====== Working data

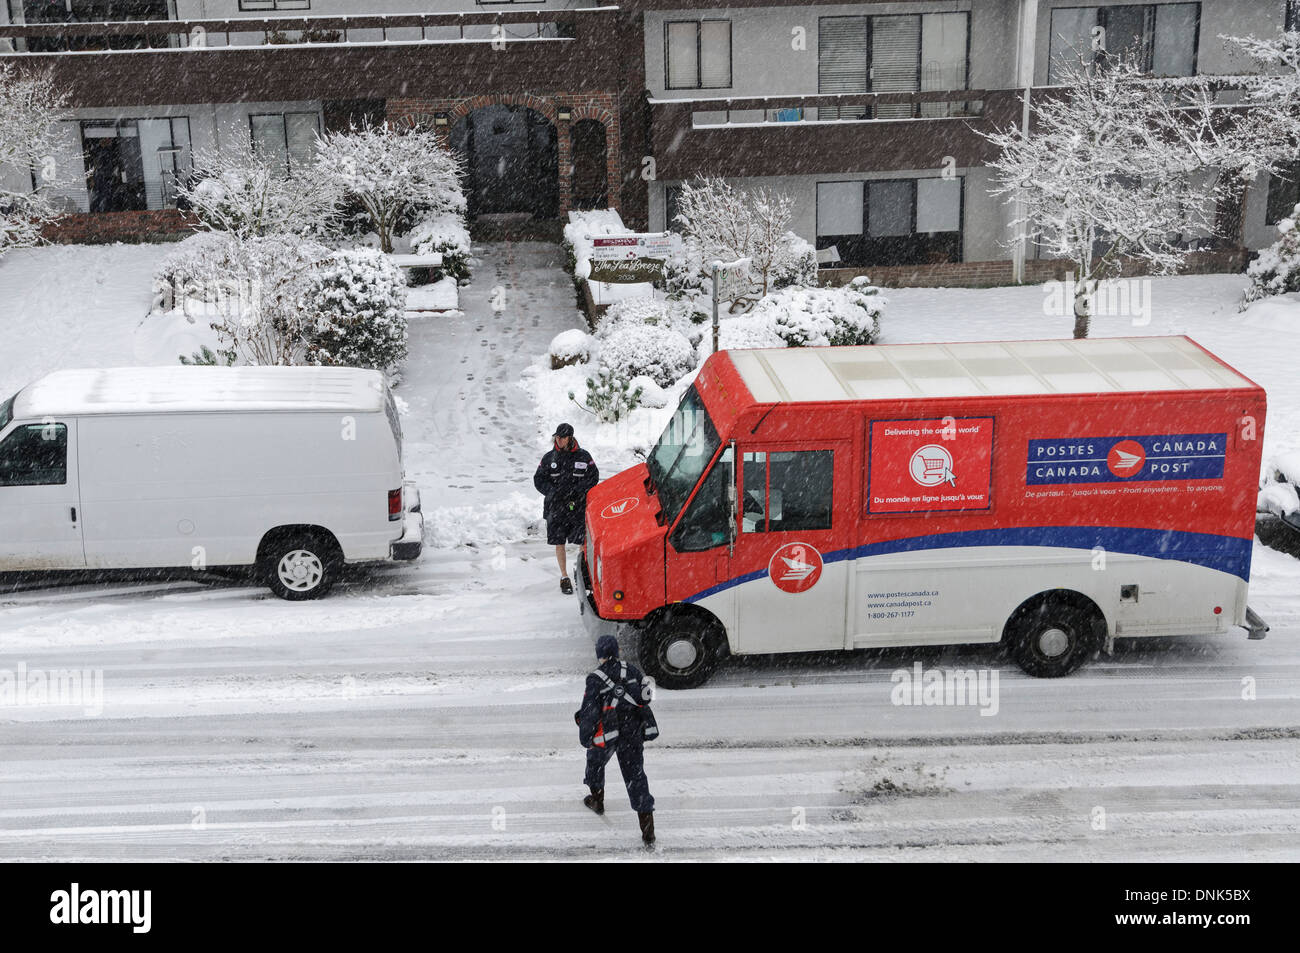 La livraison du courrier sur un jour neigeux Vancouver. Un transporteur lettre parle brièvement à un autre travailleur de Postes Canada dans un camion de livraison. Banque D'Images
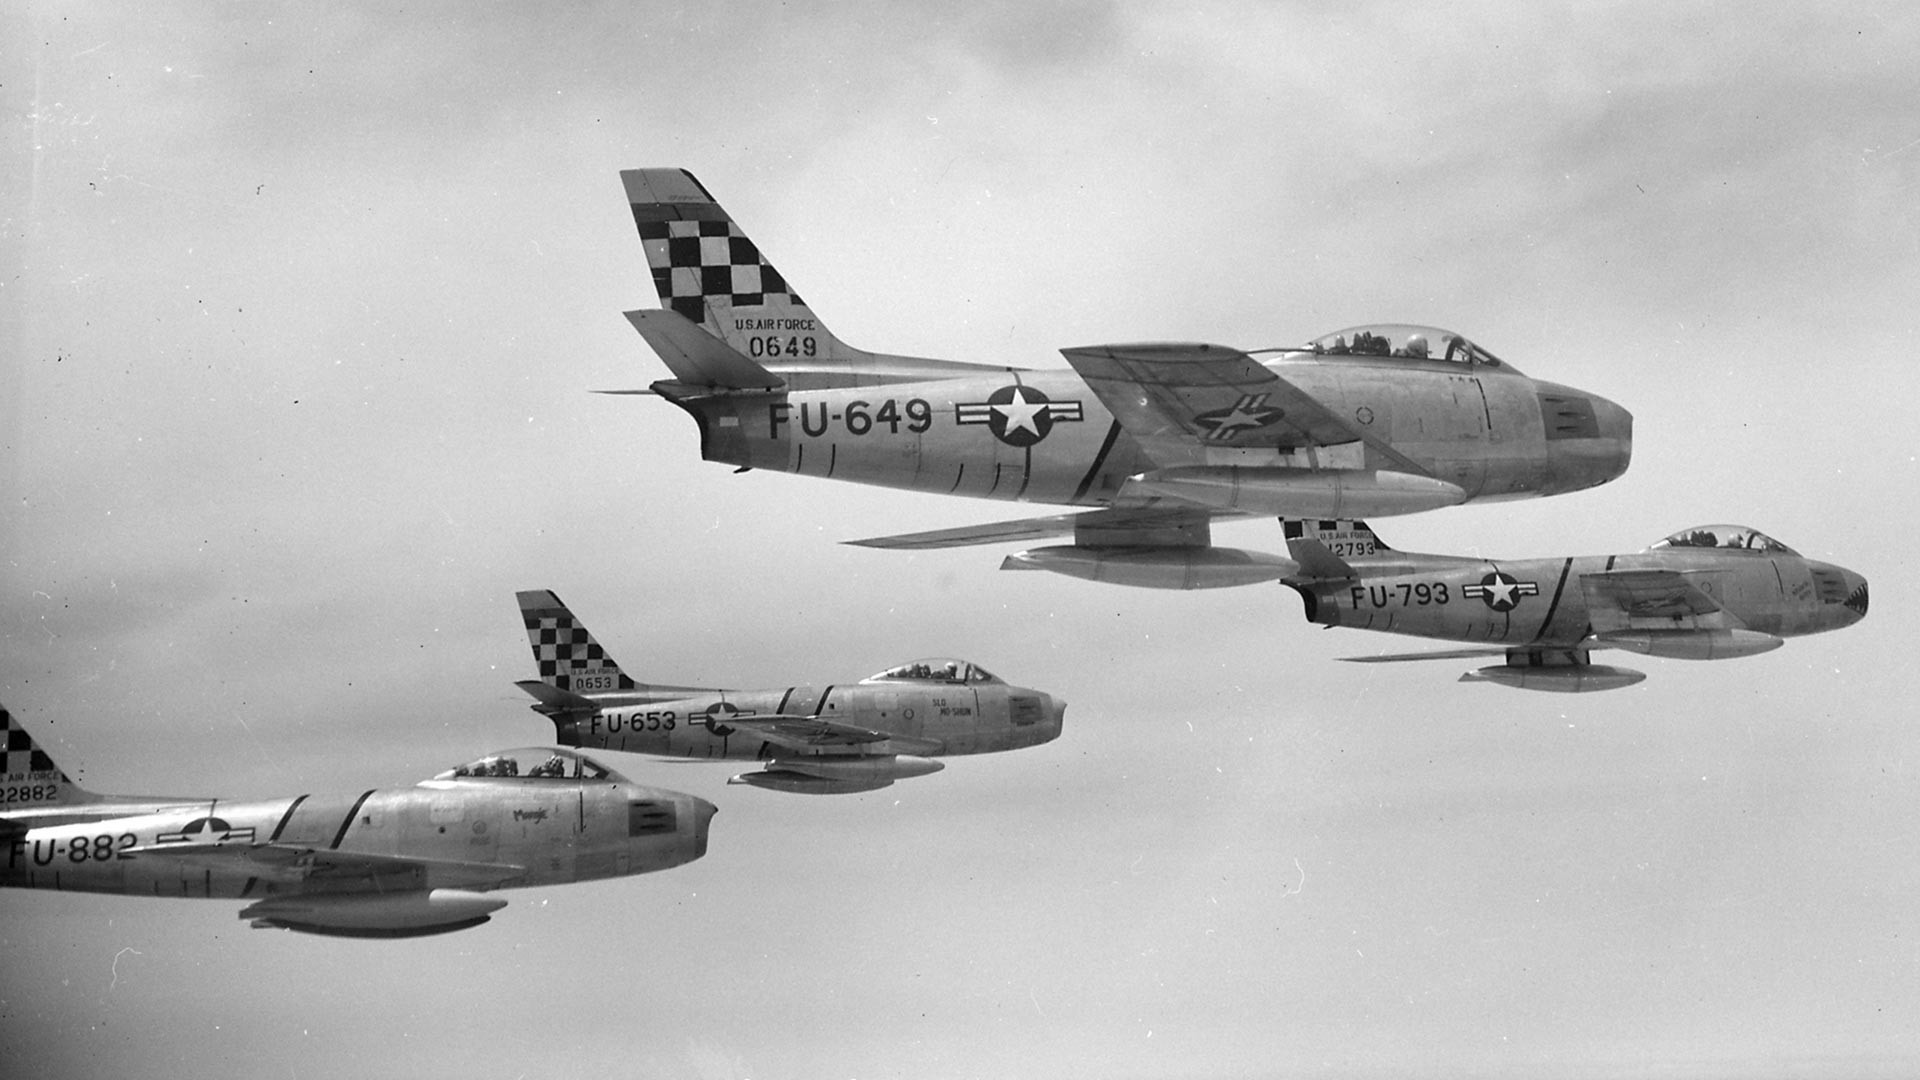 4 ловци F-86E Сејбр во состав на 51 грипа ловци-пресретнувачи над Кореја на 22 мај 1953 година. Авионите FU-649 и FU-653 се модел F-86E-5-NA, FU-793 е модел F-86E-10-NA, додека FU-882 е модел F-86E-6-CAN кој оригинално го произведе Канада, но го испорача на американското воздухопловство.
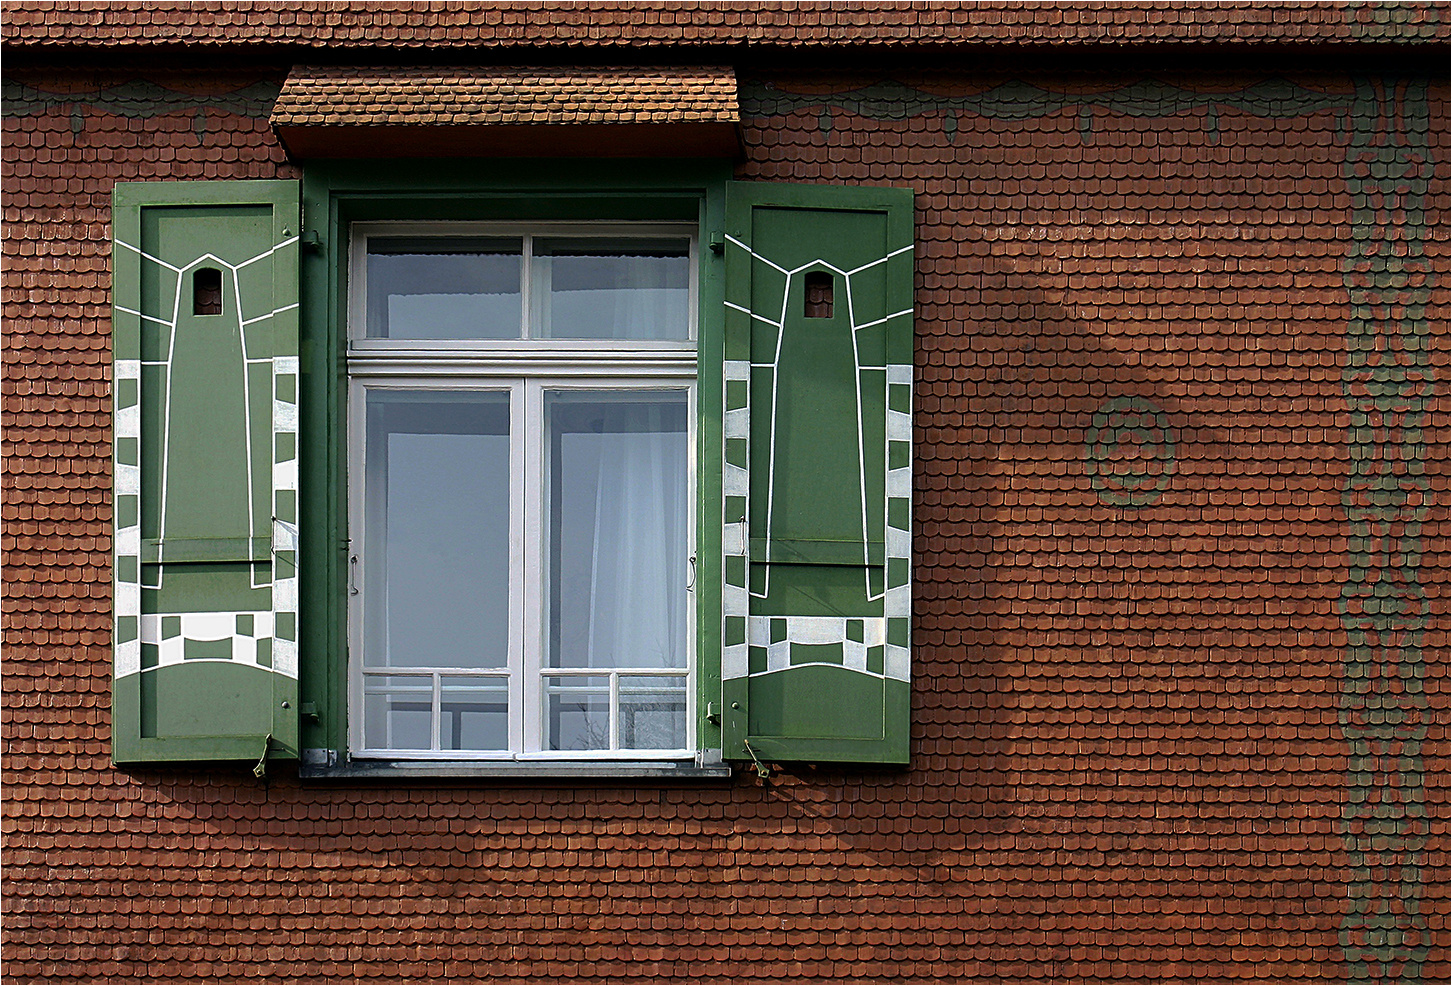 Der grüne Fensterladen
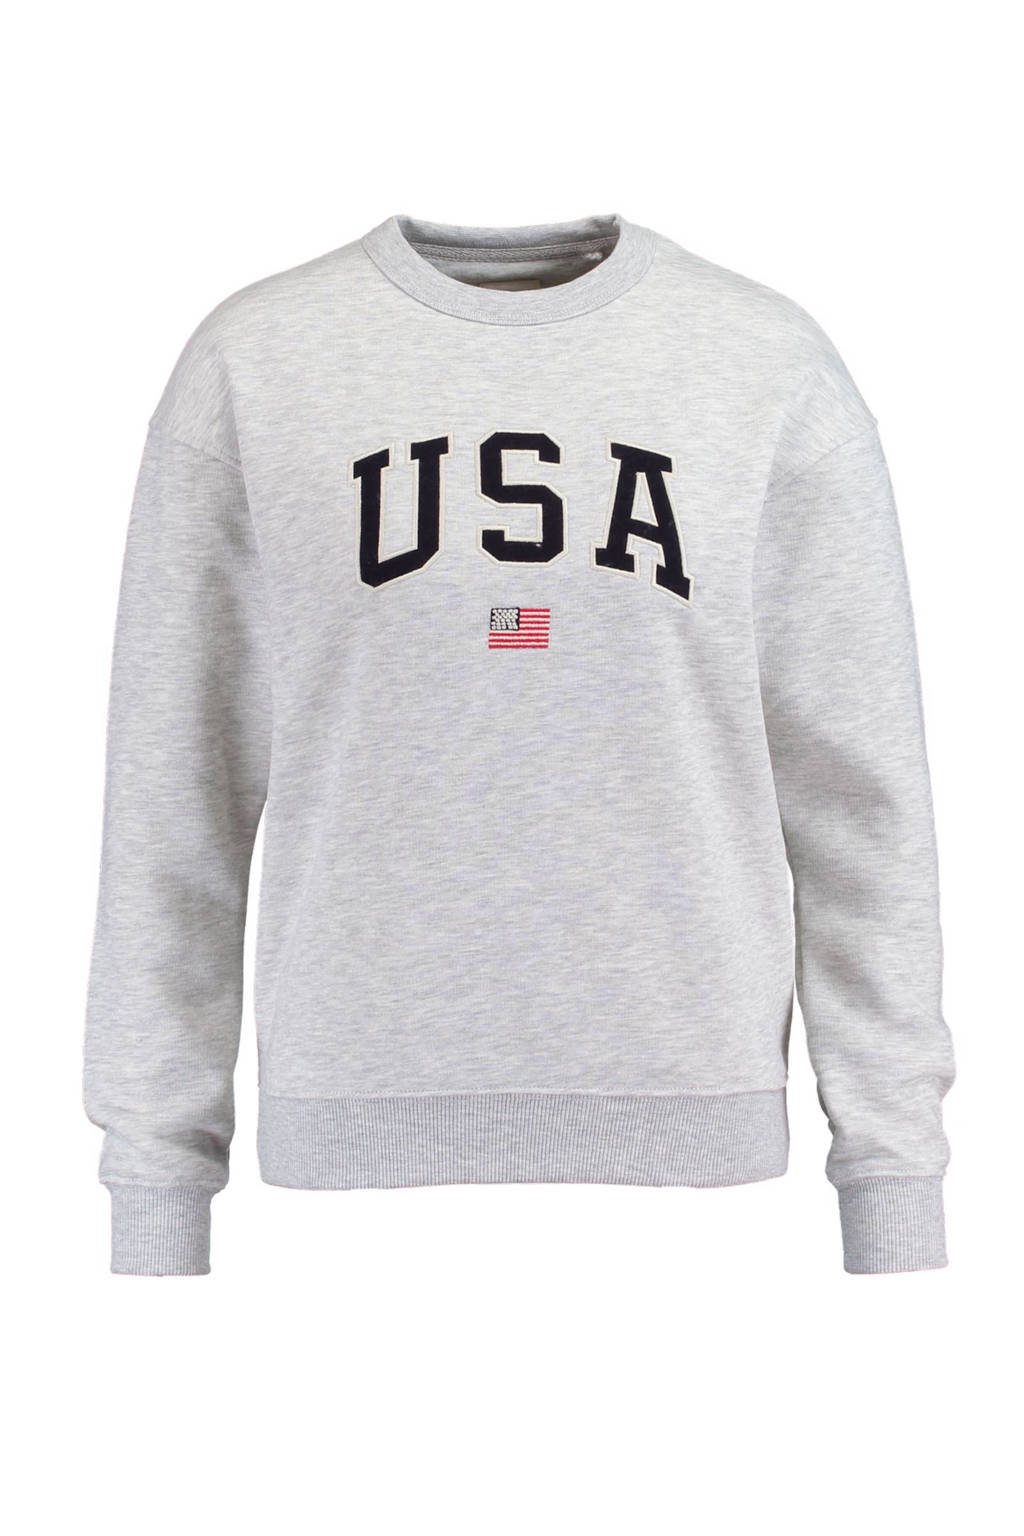 America Today sweater Soel grijs
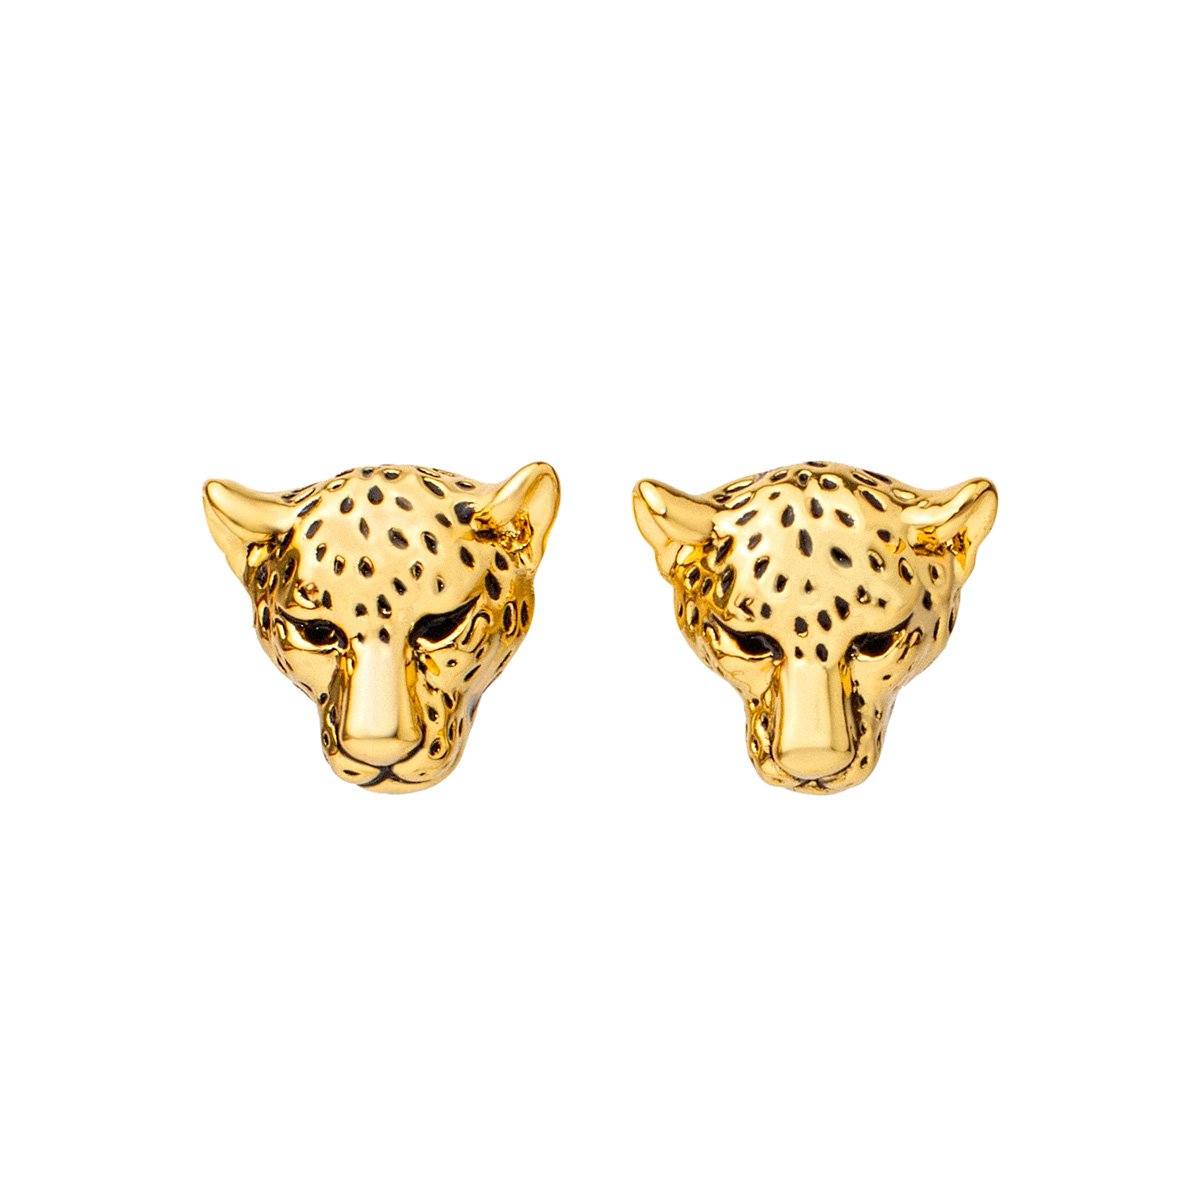 Cheetah Stud Earrings earrings Vinty Jewelry

============

- [What this task involves] Retype the records in full, exactly as given, and omit the pictures.

- [Written response]
 La livraison du courrier sur un jour neigeux Vancouver. Un transporteur lettre parle brièvement à un autre travailleur de Postes Canada dans un camion de livraison. Banque D'Images
 4 ловци F-86E Сејбр во состав на 51 грипа ловци-пресретнувачи над Кореја на 22 мај 1953 година. Авионите FU-649 и FU-653 се модел F-86E-5-NA, FU-793 е модел F-86E-10-NA, додека FU-882 е модел F-86E-6-CAN кој оригинално го произведе Канада, но го испорача на американското воздухопловство.
 Der grüne Fensterladen
 America Today sweater Soel grijs
 Cheetah Stud Earrings earrings Vinty Jewelry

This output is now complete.